We now address the issue of child support arrearages. Petitioner contends the trial court erred in not sustaining her claim that respondent was in arrears $5,830 rather than $3,011, and in not assessing interest on the arrearage. We disagree.
• 6 The question of the amount owed petitioner by respondent is a factual question for the determination of the trial court, and its decision will not be disturbed unless it is contrary to the manifest weight of the evidence. (See In re Marriage of Jones (1980), 90 Ill. App.3d 95, 96, 412 N.E.2d 1122.) In the case at bar we cannot say the finding of the trial court as to the amount of arrearage in support payments is contrary to the manifest weight of the evidence. Therefore, this judgment is affirmed.

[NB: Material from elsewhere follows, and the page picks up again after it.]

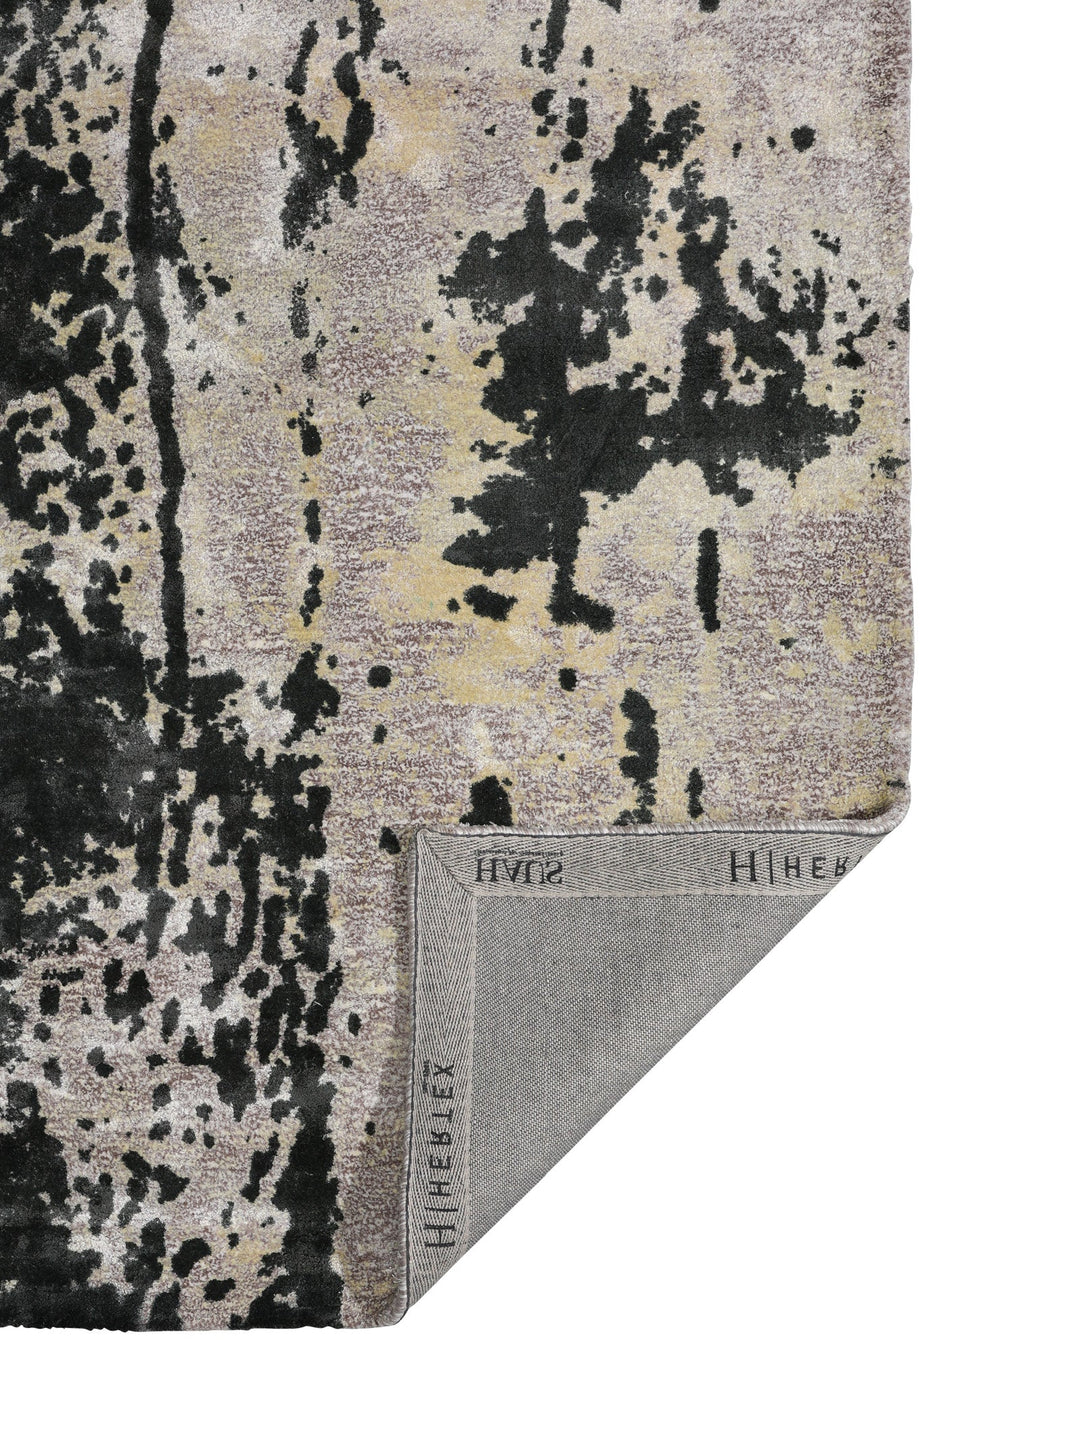 Rainfall Rug in Overclouded - Rugs- Hertex Haus Online - Abstract

• 7 The assessment of interest upon arrearages is a matter of discretion for the trial court. (Finley v. Finley (1980), 81 Ill.2d 317, 332, 410 N.E.2d 12.) There is nothing in the current record to suggest an abuse of discretion in not assessing interest. Therefore the judgment denying interest is affirmed. However, this decision does not in any way preclude the future assessment of interest in the event respondent hereafter becomes delinquent in future payments.

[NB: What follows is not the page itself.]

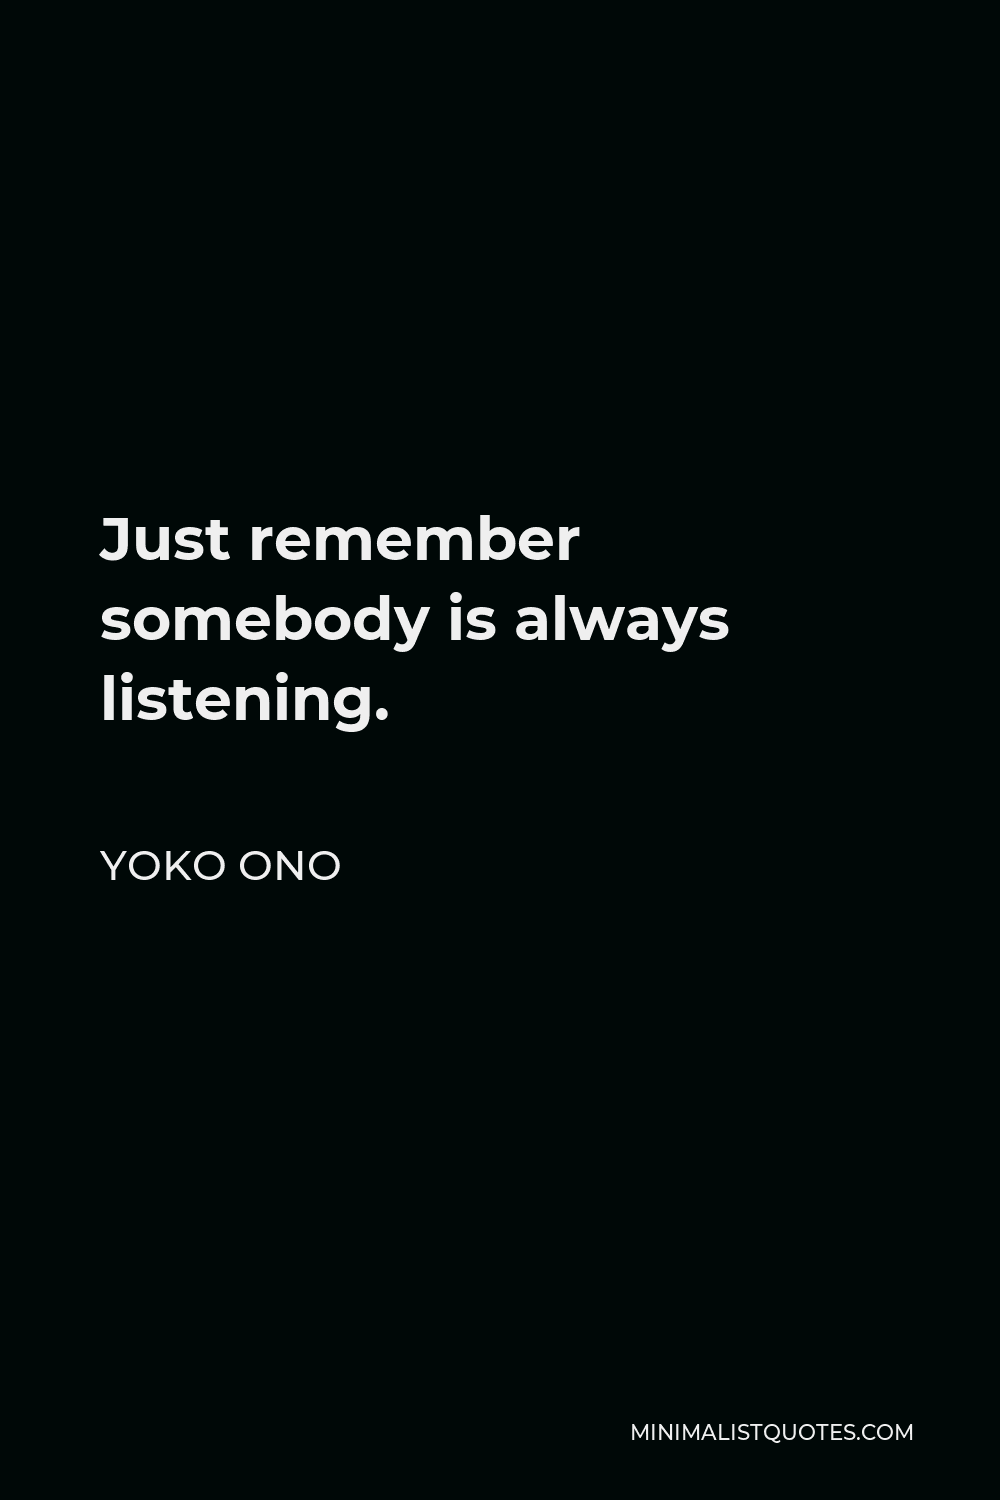 Yoko Ono Quote - Just remember somebody is always listening.

• 8 Petitioner contends she is entitled to 15% of respondent's annual bonuses from 1975 to the effective date of their divorce pursuant to a court order of July 30, 1975. In that order the court awarded petitioner 15% of respondent's income as "temporary" maintenance and support. By order filed March 11, 1976, the trial court modified this temporary order to $50 per week and declared respondent in arrears in payments of the original temporary maintenance. The March 11, 1976, order did not indicate that the 15% formula would extend beyond the effective period of the earlier order. Therefore, we conclude the original order directing the payment of 15% of respondent's annual bonus as temporary maintenance was superseded by the later order for temporary maintenance. The judgment of the trial court in denying petitioner's claim to a percentage of respondent's bonuses received after March 11, 1976, is affirmed.

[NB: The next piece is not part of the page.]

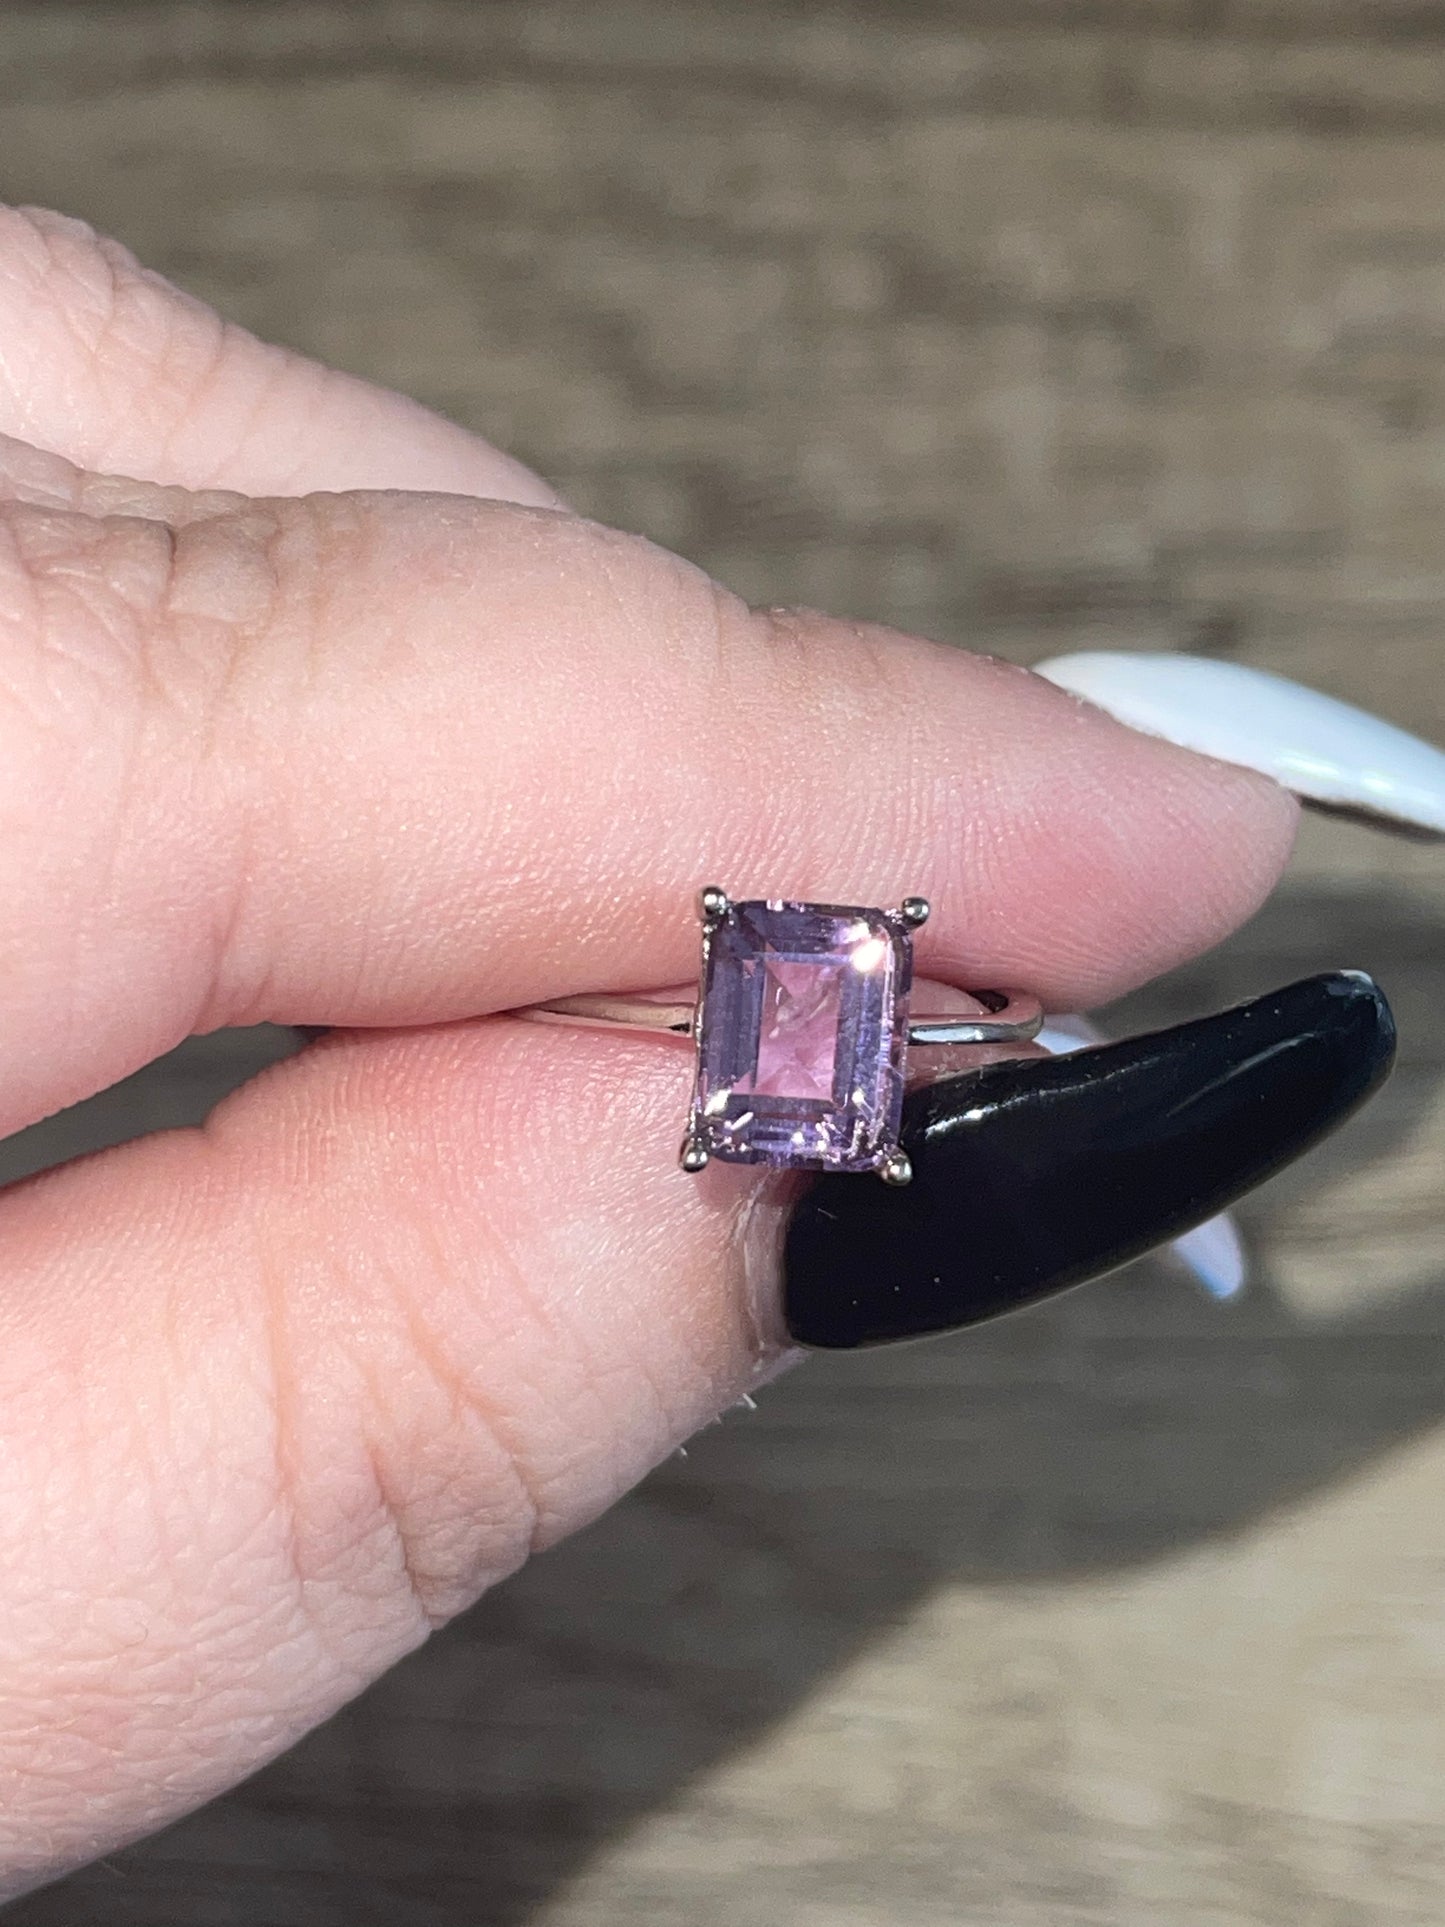 AMETHYST RING - Stress Relief, Protection, Sleep Aid

• 9 Finally, respondent asserts he is entitled to an annulment and prays this court to reverse the dissolution of marriage and direct judgment for annulment. Our previous opinion expressly reversing the judgment for annulment and directing judgment for dissolution of the marriage has become the law of the case, and we are constrained to act in accordance with our previous decision. (PSL Realty Co. v. Granite Investment Co. (1981), 86 Ill.2d 291, 312.) Therefore, the judgment for dissolution is affirmed.
The judgment of the trial court granting petitioner a dissolution of marriage is accordingly affirmed but is modified to be effective as of July 2, 1979. The trial court is directed to require respondent to pay petitioner the sum of $1,524.66 in additional child support and maintenance for the period from July 2, 1979 to July 8, 1980. Insofar as the trial court awarded unallocated child support and maintenance to petitioner the judgment is affirmed. However, the trial court is directed to increase the amount of said payments to $650 per month, effective from the date this opinion is filed. In all other respects the judgment of the trial court is affirmed.
Affirmed in part, modified in part and remanded with directions.
CAMPBELL, P.J., and McGLOON, J., concur.